Analyses for this project will include a correlation between the inferences made over time by my re-implementation of SIPS and those reported in the original paper for a suboptimal plan with a given start state and goal (in this case a bue gem) for the gem, doors, and keys domain. Additionally, I will run SIPS on several problems consistising of intital start states and goal pairs on the doors, keys, and gems domain, and compute the average probability of the true goal conditioned on observed history at three different quartiles of the trajectory, the proportion of time the true goal is the top 1 accuracy in the inferred distribution, and the total number of states visted during the entire trajectory.

Finally I will also compare to one baseline presented in the supplement of the paper known as Plan Recognition as Planning (PRP).

Justification for choice of study

Please describe why you chose to reproduce the results of this study.

I am interested in planning in physical environments. This paper will provide me an opportunity to become acquainted with some of the state of the art tools for planning and decision making. Furthermore, I will learn about Julia, a relatively new numerical programming language that is both high level and fast, and Gen.jl, the probabilistic programming language, which is central to many of the paradigms around which planning has been modeled, and is developed by researchers I am interested in collaborating with at MIT. Finally, I am not just interested in planning per se, but also, in topics revolving around planning and computational theory of mind. This paper sits right at the intersection of these research areas and I am highly interested in how these algorithms are implemented and potentially, beyond this course, how they might be extended to 3D physical environments with multiagent social interactions.

Anticipated challenges

Do you anticipate running into any challenges when attempting to reproduce these result(s)? If so please, list them here.

Challenges will mostly be around interpretation of the pseudo algorithm presented in the paper. I have decided to re-implement the paper, but not to translate it into another language like Python. The reason for this is because I am interested in learning Julia and Gen.jl, and as is usually the case, the same function can be implemented in many ways in code.
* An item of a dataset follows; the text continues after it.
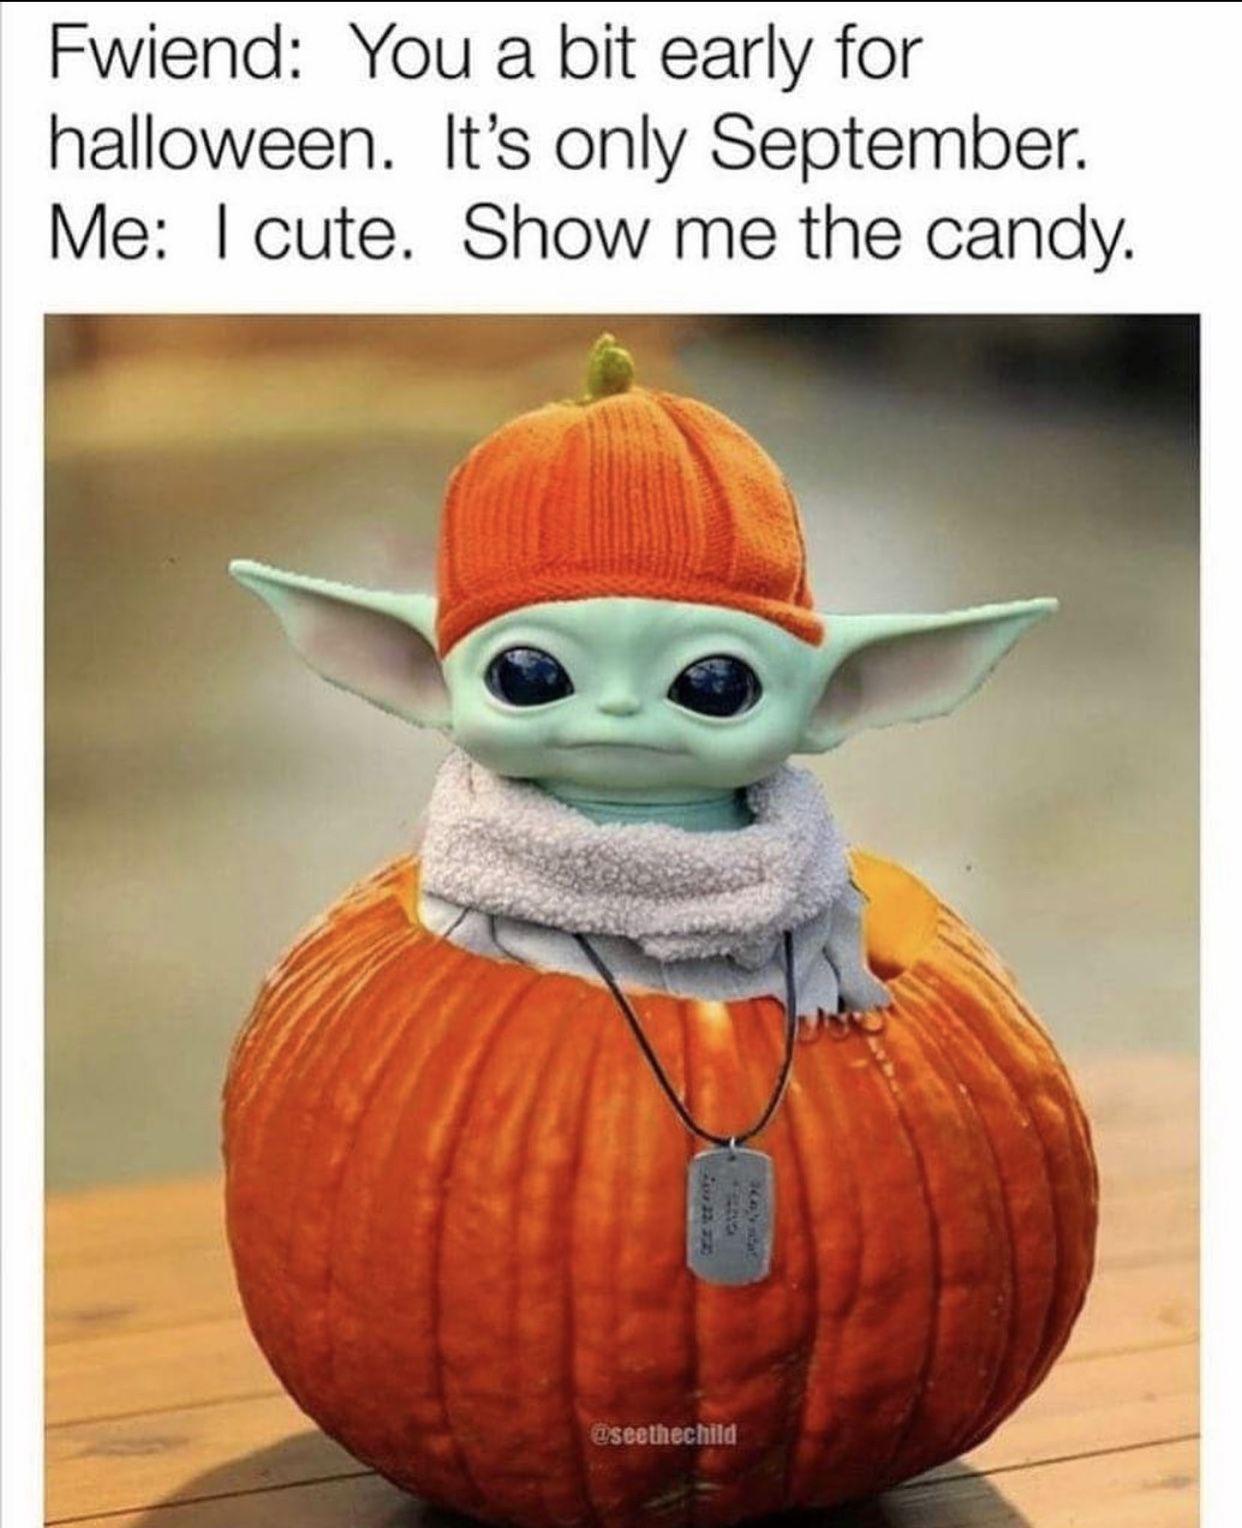 Pin By Maharani Mardhotillah On Cute Star Wars Baby Yoda Funny Yoda Images

Another challenge I may face is the amount of training time required to get results. Planning algorithms can take long periods of training and subsequently may be hard to debug efficiently when errors are made. I anticipate needing to devote a significant amount of time and attention to not only coding, but possibly reaching out to the authors to understand bits of psudo code that I may not understand to reduce errors in my own implementation.

Links

Project repository (on Github): repository

Original paper (as hosted in your repo): original paper

Preregistration link: preregistration

Methods

The reimplementation of SIPS for online bayesian search will be based on the algorithm pseudocode provided in the paper and is shown below.
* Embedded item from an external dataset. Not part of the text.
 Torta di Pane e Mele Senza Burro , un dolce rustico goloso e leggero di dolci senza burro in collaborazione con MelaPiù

Algorithm Pseudocode for a SIPS Observer. The folowing figures show the trajectories for the inferences humans, SIPS, and PRP make for an agent in the doors keys, and gems domain executing a suboptimal plab with backtracking.

SIPS Inferences

Human Trajectories

Qualitative Comparisons

Exclusions and Differences from the original study

There will be to my knowledge no known differences in the environments (experiments). The main difference in the planning algorithms however will come from the re-implementation from Algorithm 1 (SIPS). These difference my be minor quantitative differences in final values for distribution predictions over the trajectories but also in the efficiency of the algorithm (i.e. how fast it runs).

An agent executing SIPS over another agent acting within an environment is called an observer. This observer will, as the name denotes, observe an agent execute its plans in one of the four environments described above. As the observer receives observations at each time step, it is tasked with modeling the agent’s goals and achieves this by also modeling the plans it forms in order to achieve those goals. Most importantly, SIPS observers assume agents are modeling their environment through generative processes that are resource rational and instead of modeling agents as full horizon planners, they model them as agents that form partial plans, that do not search for further plans until they have executed their partial ones. The horizon of these partial plans is modeled as a random variable which is sampled from a negative binomial distribution. The search process for these partial plans is itself a stochastic version of the A* search algorithm. Furthermore, Monte Carlo sampling it used to perform inference in an online fashion. Thus, this re-implementation will require several steps of random sampling. Given that random sampling depends on random seeds which have inherent variability I anticipate that the stochastic nature of this algorithm will lead to minor variations on the final results.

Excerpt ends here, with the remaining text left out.